The theology current when I was growing up was that if I intended to commit sin, to defraud, that was the sin. That sort of advice seems to have gone out of fashion. When it comes to companies withholding information from workers and from the State I should like some competent theologian to step in and give the benefit of his considered views.
I should like to point out that the only political party in Ireland with any real intent in this regard are the Labour Party. The Minister for Industry, Trade, Commerce and Tourism is listening to me. There is nothing personal in what I have to say. This Bill is almost a sham and a fraud. It is an insult to the workers of the country. I know it. I live with the workers and I have seen the blackguardism that goes on in companies in regard to Irish workers who pay their taxes but are thrown out of their jobs, and we are doing almost nothing to remedy it. If I level this criticism at my own side of the House, I do so in the full knowledge that we have the right to dissent without penalty on this side of the House — we will not be put out of the party for doing that.
When I hear the spurious, counterfeit criticism from some of the speakers here today on the other side who know as much about this legislation as a pig would about a bank holiday, I suggest that they should remember that when they were in Government they did not do anything, and their representatives in Brussels voted against changes in company law. I hope the workers of Ireland when they read the reports of this debate — unfortunately most workers regard as gospel what they read in the newspapers — will know about the charade that is going on and who is their real protector in this matter. I refer to a resolution agreed at the annual conference of the Labour Party here last May. It reads:
The Labour Party recognises the importance of the EC Fourth Directive on company law and its implications for the provision of greater levels of information disclosures by companies to their workforces and for curbing the use of limited liability, and will press for its immediate and total statutory implementation.

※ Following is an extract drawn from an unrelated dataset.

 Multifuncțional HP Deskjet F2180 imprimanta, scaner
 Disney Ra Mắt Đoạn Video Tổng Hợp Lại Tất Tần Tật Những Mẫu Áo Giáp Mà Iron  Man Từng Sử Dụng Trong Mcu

The conference demanded that there would be full disclosure of all relevant information by companies, private and public. I am a trade union official and I am prepared to argue with anybody that, if we are pretending that this Bill will do the job, the workers should be told that it is not. In my view he would have been better off not to have introduced legislation which does not go the full way on this disclosure of information. Under section 2 of the Bill the financial institutions are exempt from the main provisions of the Bill. There is a very crude colloquialism in Limerick, "You can chalk it down" and certainly it appears that these financial institutions will not have to disclose this information to their employees.